Home remodeling tips for senior citizens

Published On: Jul 13 2012 12:46:32 PM CDT
Updated On: Jul 16 2012 12:23:47 PM CDT

July 16, 2012: A new trend in home remodeling focuses on allowing seniors to stay in their own homes longer. Amy Davis reports.

HOUSTON -

Living independently is something many aging people don't want to lose, but it is a fact of life, as we age, simple everyday tasks get harder and harder. A new trend in home remodeling focuses on allowing seniors to stay in their own homes longer.

When Cora Einterz's husband Frank had a stroke, the home they loved became a dangerous place, but she didn't want to move.

"I love my house and I wanted a place where the children who are out of town can come when they visit to stay, " said Einterz. "I knew Frank's mental capacity wasn't as it should've been and I was afraid bringing him to a brand new location, exposing him to different things that he wasn't used to would not be the best for him. So I wanted to bring him back to familiar surroundings. So we decided to renovate the house."

Like hundreds of families across the country, the Einterzs decided to find a way to make the home they had work for them.

"I knew that we would have to make some renovations to the house because there was no way he was going to be able to walk normally," Einterz said.

Millions of seniors are supporting a growing niche of contractors who specialize in addressing the needs of aging homeowners, as well as those with special needs.

Certified Aging-in-Place Specialists are trained through the National Association of Home Builders to work with senior citizens and those needing specific modifications in their homes.

The Einterz's called in certified aging-in-place-specialist, Kent McCool.

"We do a lot of bathroom modifications. But really, it can run the gamut from front entrances to making sure that the lighting is sufficient in a home," McCool said.

Falls in homes are the leading cause of death from injury for people over 65, so McCool says improvements as minor as adding slip-proof rugs and hand rails can make a big difference.

But it doesn't stop there. Improvements can include widening doorways, eliminating steps or curbs from entryways, replacing traditional bathtubs with walk-in showers or even raising a dishwasher to a new height.

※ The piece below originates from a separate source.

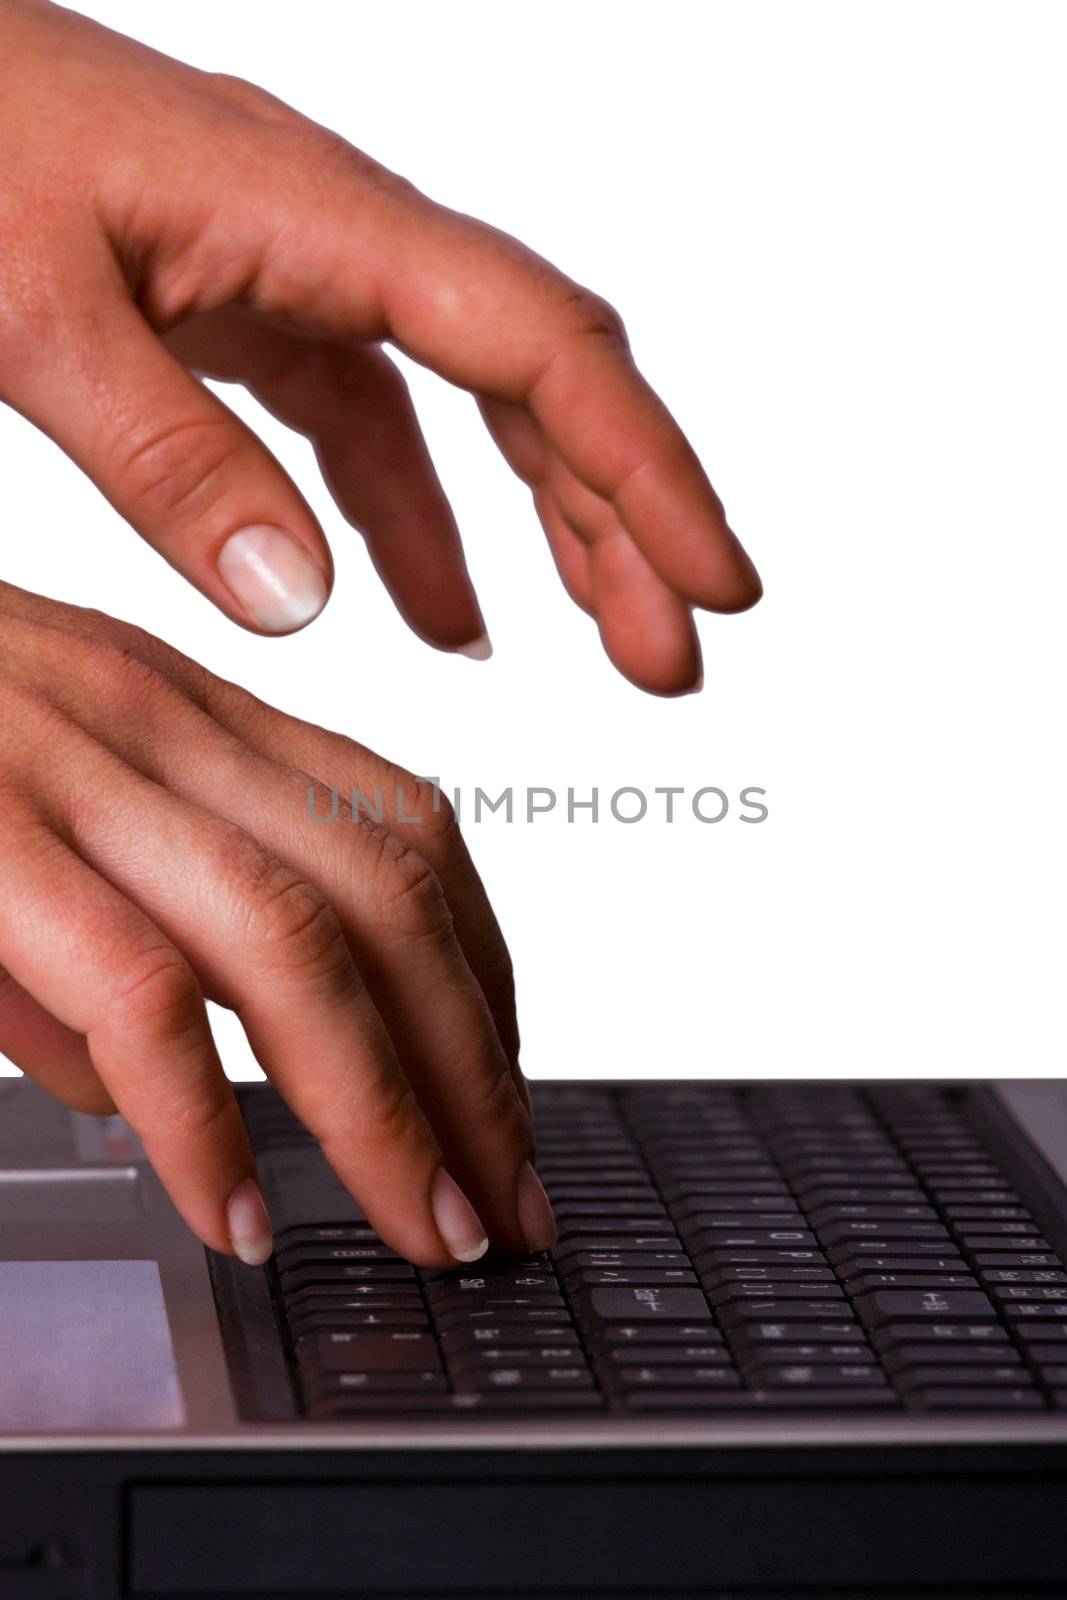 Woman working on laptop keyboard

"Bathrooms seemed to be addressed a lot. That's where the falls happen. We want to prevent those falls with simple things like grab bars," McCool said.

With big ticket items like ramps costing $2,000 to $3,000, one way to save some money is to look at renting versus building some of the bigger ticket items.

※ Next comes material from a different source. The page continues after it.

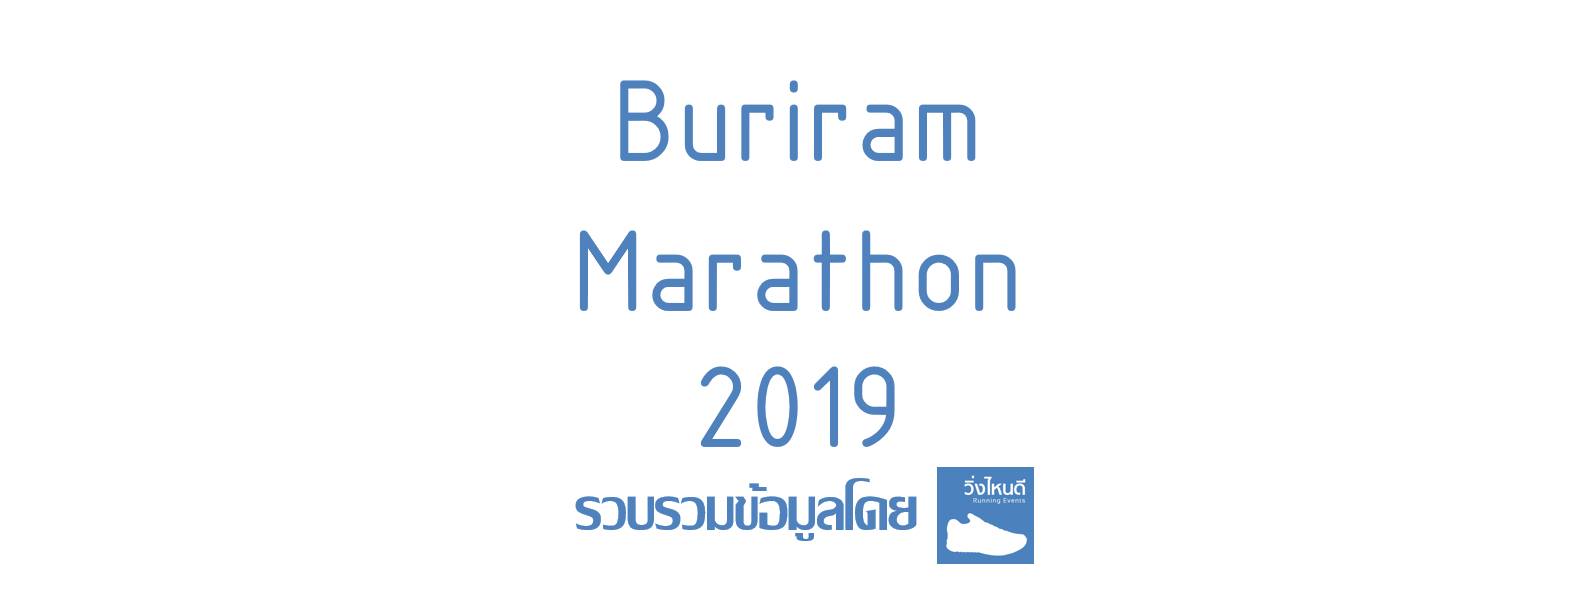 Buriram Marathon 2019

And really, this trend is not just for seniors. Even if you're in your 40s or 50s, if you are thinking about remodeling your home, you might want to consider some elements to make it more friendly for you as you age.

Angie's List Tips:

  • Talk to a Certified Aging in Place Specialist (CAPS): It's important homeowners who do need to make special modifications find a company with the training and know-how to identify the best changes to make. A CAPS contractor is trained to evaluate your specific needs and offer recommendations to make your home safe and functional.
  • Communicate your ideas: Explain what modifications you want done to your home. Even rough ideas on paper are better than nothing at all.
  • What are the costs? Aging-in-place project costs can range from a few hundred dollars to tens of thousands of dollars. Cost can vary depending on the scope of the project and quality of products used. If you anticipate being in your home at least 5 or 10 years, the cost of modifying may be lower compared to the cost of moving into an assisted living facility. Explore all your options before deciding whether to move or remodel.
  • Be proactive, not reactive: Before the need arises is the best time to consider aging-in-place design. For any remodeling project, it is a good idea to look at what changes can be put in place now that will support aging-in-place, even if you are years away from needing it.